You can't access the module state without a pointer to the module. PyState_GetModule from a standpoint looks to be the obvious answer to use, but it's documentation states it's unfit for multi-phase initialization.
I'm proposing an idea here for discussion on a new state system for at least CPython.
Tier 1: Core state
- This state lives within CPython's core binary and exists the entire
lifetime of the binary. - The data held within this state is available to the main interpreter and subsequent sub-interpreters. (Example: sys.executable) Tier 2-1: Interpreter state (Branches from Core state)
- This state lives within CPython's core binary and is tied to a specific
interpreter. - The data held within this state is only available to the interpreter it's tied to. (Example: Modules loaded into memory) Tier 2-2: Extension state (Branches from Core state)
- This state lives within any CPython's core binary EXCEPT it's size and
structure is defined by the extension CPython has loaded. - The purpose of this state is to allow an extension to hold data that can't be tied to a specific module. (Examples can be: Windows WSA, MySQL) Tier 3-1: Thread state (Branches from Interpreter State)
- This state lives within CPython's core binary and is tied to a specific
Python thread (IE: Threading library threads), - The data held within this state is only available to the thread it's tied to. (No known examples available) Tier 3-2: Module state (Branches from Interpreter State)
- This type of state is already available in CPython, explaining it is not
required.

Since Petr Viktorin didn't add a formal reply to this, I'm going to do so instead. They emailed me some questions which this reply will have, along with my answers for them.
Q) - What do you mean by "core binary"? - If Python is embedded into another application, what happens to the state? - If the "main" interpreter is stopped and re-initialized (Py_FinalizeEx() Py_InitializeEx()), is the state recreated? A) - The term "core binary" refers to the binary file containing the compiled result of "pythoncore". - Nothing changes other than which binary is used to allocate the object (C global variable) - Generally speaking, Py_InitializeEx()/Py_FinalizeEx() denounces the lifetime of the core binary.
Q) So, if some Python code modifies sys.executable, the change should affect all interpreters in the process? A) No, Core State can not hold any Python heap allocated objects, also, virtually all Python first party types COPIES data into newly allocated memory.
Q) - What does "Branches from Core State" mean? - How will this state be available to the interpreter it's tied to? A) - This casually means that access to the Core State can be done with just a pointer to the active Interpreter State. Note: This can be accomplished via either a constant pointer inside the Interpreter State or (Global State only) with a global C variable. - See the above answer but from the Thread State & Interpreter State branching viewpoint. Note: The active Thread State assumes we're not changing how threading works in Python, BUT it's flexible enough for thread_local storage.
Q) How is this different from C "static" storage? A) Generally speaking, it's not different at all. This is the only State definition that can be dropped all together if widely unpopular. Note: But on the flip side, we will still require an initialization/finalization for extensions to implement (see Windows WSA/MySQL documentation)

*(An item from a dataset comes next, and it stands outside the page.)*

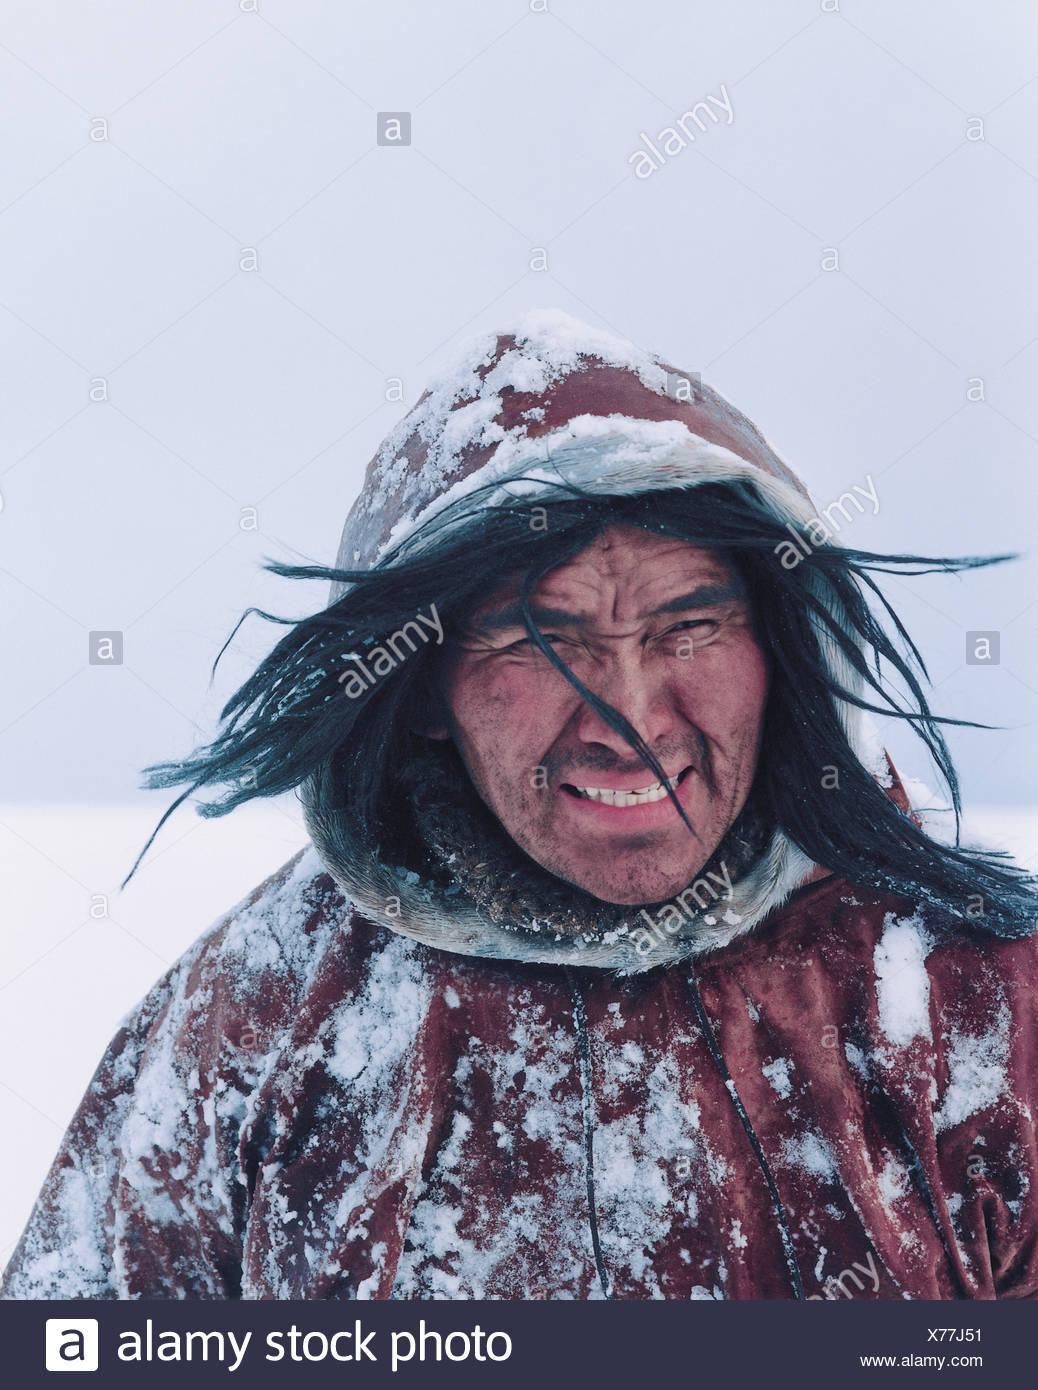 ba702195 eskimo-homme-dans-un-manteau-dhiver-dans-la-neige-des-cheveux-longs-blowing-in-wind-x77j51.jpg

On 2020-07-16 20:40, William Pickard wrote:
Since Petr Viktorin didn't add a formal reply to this, I'm going to do so instead. They emailed me some questions which this reply will have, along with my answers for them.
Oops! I did reply privately; sorry for not including the list.
I've since written what might be a seen as a counter-proposal here: https://mail.python.org/archives/list/capi-sig@python.org/thread/6CGIIZVMJRY...
Basically, I would like to ensure that you *can* always get a pointer to the module. In that model, "Extension state" becomes unnecessary for most uses, but it can be emulated by static storage (using reference counting and locking to allow it to be used by several module objects). I consider "thread state" out of scope; that can be done with TSS, with the Py_tss_t *key in either module state or (in IMO rare cases) the above "Extension state" emulation.
I'm afraid I'll need to ask you to be more exact. A "binary file" doesn't really have a lifetime (unless you count "from creation until deleting from the disk", which isn't helpful). Can I assume you mean the process? You can call Py_InitializeEx()/Py_FinalizeEx() multiple times in a single process. So to be clear, which one should be the lifetime of "Core state"? A. from Py_InitializeEx() to Py_FinalizeEx() B. from first Python initialization to the process shutdown
Do you have a link to that documentation? I'm not familiar enough with these to find the relevant docs myself. (To be honest I'm not sure what WSA is.)
Anyway, I would like to avoid extra initialization/finalization hooks (which seem necessary for "Extension state"), and base as much as possible on the regular PyObject* lifecycle (of the module objects). Running Python code in interpreter shutdown is hard to get right, especially if you allow references to Python objects and so you need the full GC machinery.

Petr Viktorin wrote:
- The lifetime I was referring to for a binary file is from when it's loaded into memory, to the moment it's unloaded.
- Since you stated that "Py_InitializeEx"/"Py_FinalizeEx()" can be invoked multiple times, Core State's lifetime is tied to those calls. (Option A)
- This also means Core State can not be a global static storage item, but a heap allocated object.
After reviewing things over, I realized Winsock and MySQL don't fit the bill as I thought they did, BUT, that doesn't say that we don't need extension specific initialization/finalization, I just haven't found a library that requires it.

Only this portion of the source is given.